Luzon 321 Chronicles (Day-One): Mt Timbak

I arrived at Victory Terminal in Cubao two minutes before the call time. Since it was a long vacation time, many people have planned to go to Baguio. Lines for tickets were long. It was good that we bought our tickets days prior to the actual trip. Some of our friends were stuck along with the traffic jam in EDSA. So we thought of trading or selling some of the tickets to other passengers. There were six of us who proceeded with the 2000H-trip and the rest waited for another hour. Travel time to Baguio is 6 hours, enough time to sleep.

There were a lot of distractions so I was not able to sleep. While waiting for the others to arrive, we were instructed to go to the market and buy the things for the hike, including food.

When we returned to the assembly area, I was surprised to see Mang Elias as the driver of the monster jeep (colour: pink!). I met him when I did the Bakun Trio hike.

The pink monster jeep.
Slippery and winding road. Fog, fog, foggy morning!
Mountain rice terraces.
The highest highway point in the country.

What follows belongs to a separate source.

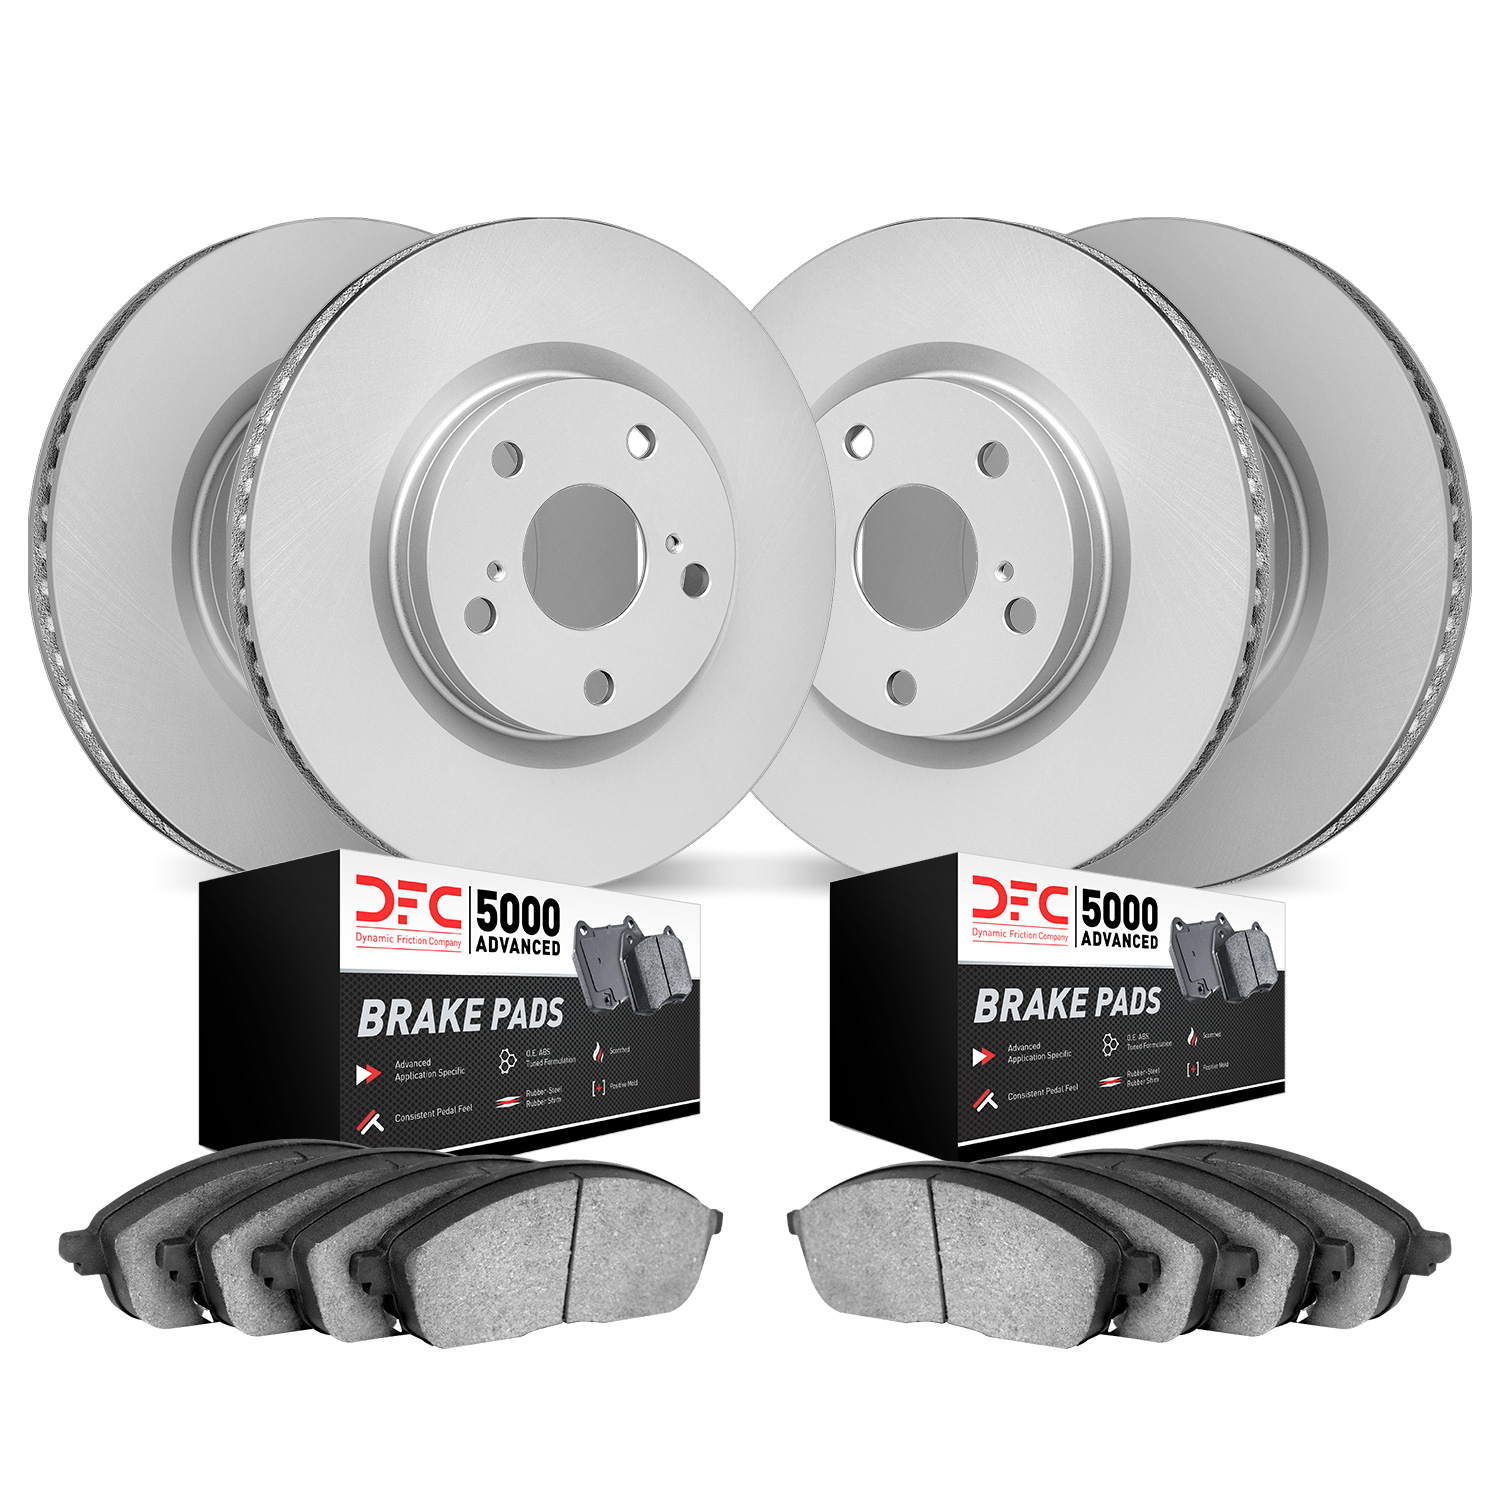 4504-55007 Geospec Brake Rotors w/5000 Advanced Brake Pads Kit, Fits Select Ford/Lincoln/Mercury/Mazda, Position: Front and Rear

The day started with a travel to Atok, Benguet for our first mountain – Mount Timbak. We were warned to maintain proper behaviour as the locals do not like unnecessary noise. Though the trails were easy to follow, we had a hard time finding the summit. We had to go through 3 summits before successfully finding our way to the correct one. Those who had been to Mt Kitanglad were telling the rest of the group that the two summits are similar in terms of the presence of antenna and towers. Not far from the summit is an area that looks like a sacred place to locals.

Plants in cordate formation.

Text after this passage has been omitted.